In one celebrated 2006 incident, an Environment Canada scientist was ordered not to attend the launch of his own novel, an apocalyptic piece of fiction revolving around global warming.

"How can society properly evaluate the flow of information, the type of information, without actually talking to the (science) practitioners themselves — or having the media do so," Hutchings said in an interview.

"Whenever you have a filter you are, by definition, losing information. I don't know how anyone can make the argument that objectively society is better served by having filters through a minister's office."

John Stone, a former career federal scientist and manager who now teaches at Carleton University in Ottawa, says there has always been the possibility of tension between raw research and government policy decisions.

Stone said government scientists usually know where to draw the line, and "most don't veer into policy questions because they understand they're really not competent to do that."

Stone, who retired in 2005 after spending the last 15 years of his public service career working on climate and atmospheric sciences, sees a disturbing trend.

"What bothers me with what I see now in the federal government is what I saw when George W. Bush was in the White House in the U.S., where scientists were silenced and silent," he said, noting his work put him in direct contact with his American counterparts on climate-change science.

"My view is that any working democracy needs to have an established and healthy scientific establishment that can freely speak and contribute to public debate."

In an ironic twist, perhaps the best defence of ministerial screening comes from a veteran federal scientist, who spoke anonymously because of the government gag order.

"Scientists have basically a free hand to publish their scientific results in the scientific literature," said the 30-year public service veteran.

"Where the sensitivity comes is when that publication of a new scientific result leads to media interest — and I think primarily the possibility that media interest might lead toward a policy question."

Natural Resources Canada responded to inquiries about the apparent disconnect with Treasury Board communications policy by pointing to other elements in the same document.

"The minister is the primary spokesperson for Natural Resources Canada and as such, needs to be made aware of issues in the media which involve the department, so he can effectively fulfil his role," Patti Robson said in an emailed response to The Canadian Press.

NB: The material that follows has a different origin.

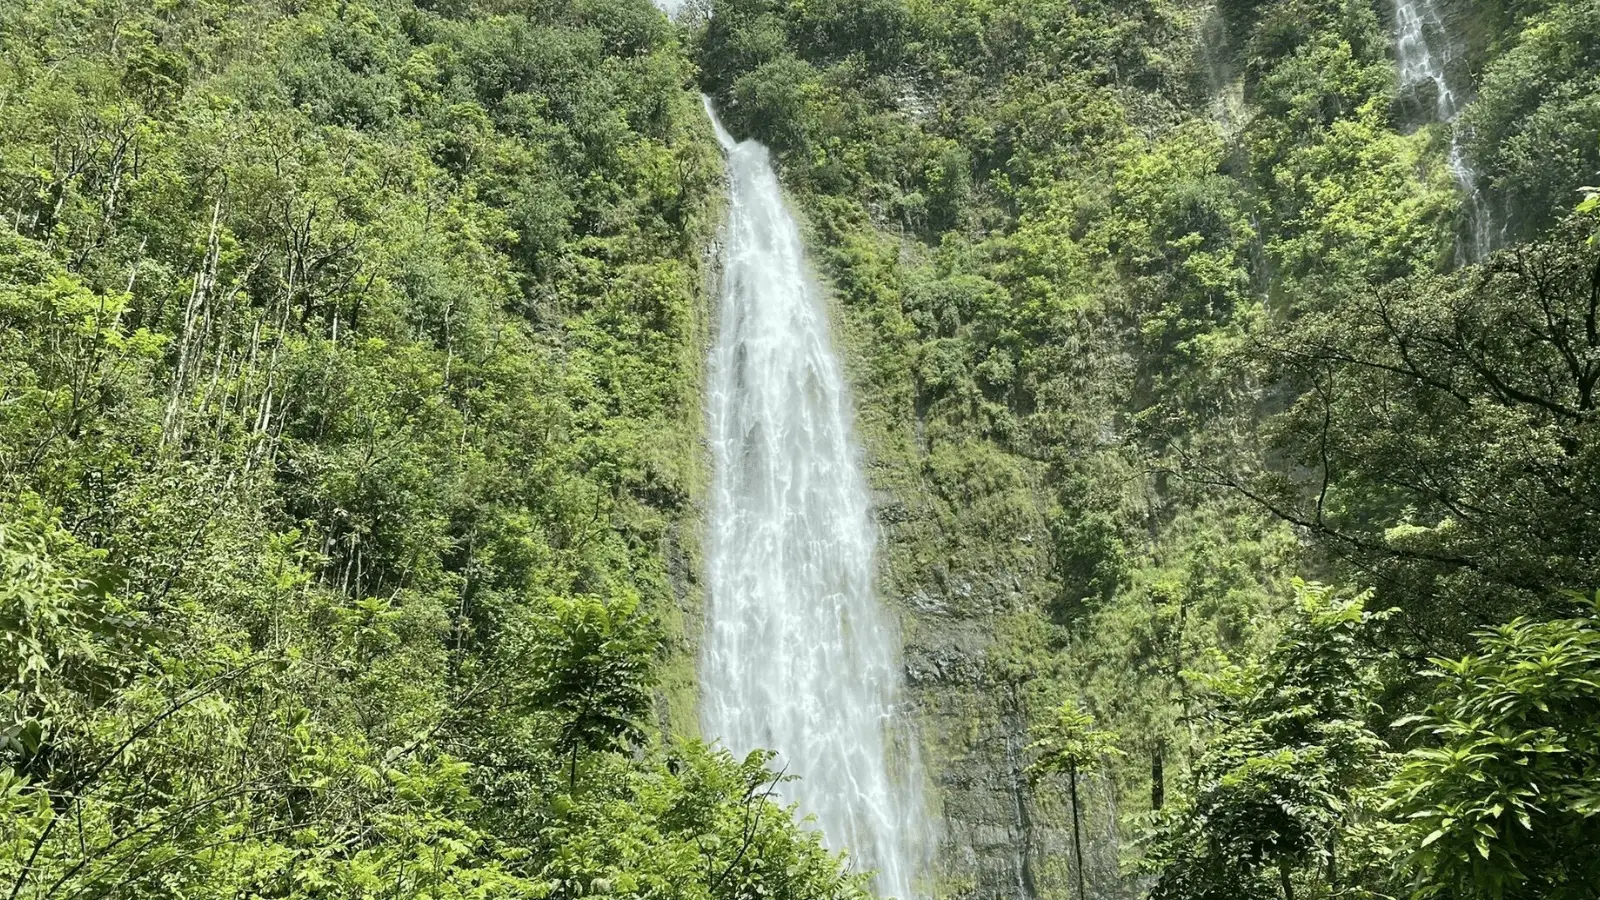 A tall, vertical waterfall cascades down a lush, green mountainside, surrounded by dense foliage and trees. The water flows with white streaks, contrasting against the vibrant greenery of the forest. Truly one of the best hikes Maui has to offer, this scene exudes tranquility and natural beauty.

"As stated in the policy: 'Institutions must consult their minister's office when planning media campaigns or strategies that could involve ministerial participation, or when preparing a response to a media enquiry that could have implications for the minister.'"

In today's Ottawa, even a study on the break-up of a massive Ice Age dam 13,000 years ago apparently has "implications for the minister."

The Canadian co-author of the study didn't get his government media lines cleared for a full week last April, by which point the study had already been released and his international co-authors interviewed.

John Drummond, the Canada Research Chair in Remote Sounding of the Environment at Dalhousie University, said there's a very real issue of information timeliness — something the government communications policy recognizes when it stresses "the capacity to respond effectively ... in a 24-hour, global communications environment."

"If you push this to the limit, is the weather forecast a matter for government approval before it can be published?," said Drummond.

"Because if you don't publish the weather forecast on time, it ain't much use."

"There is a line and I think it's being pushed considerably to the side where information flow is being impeded," said the scientist. "That's not doing us any good."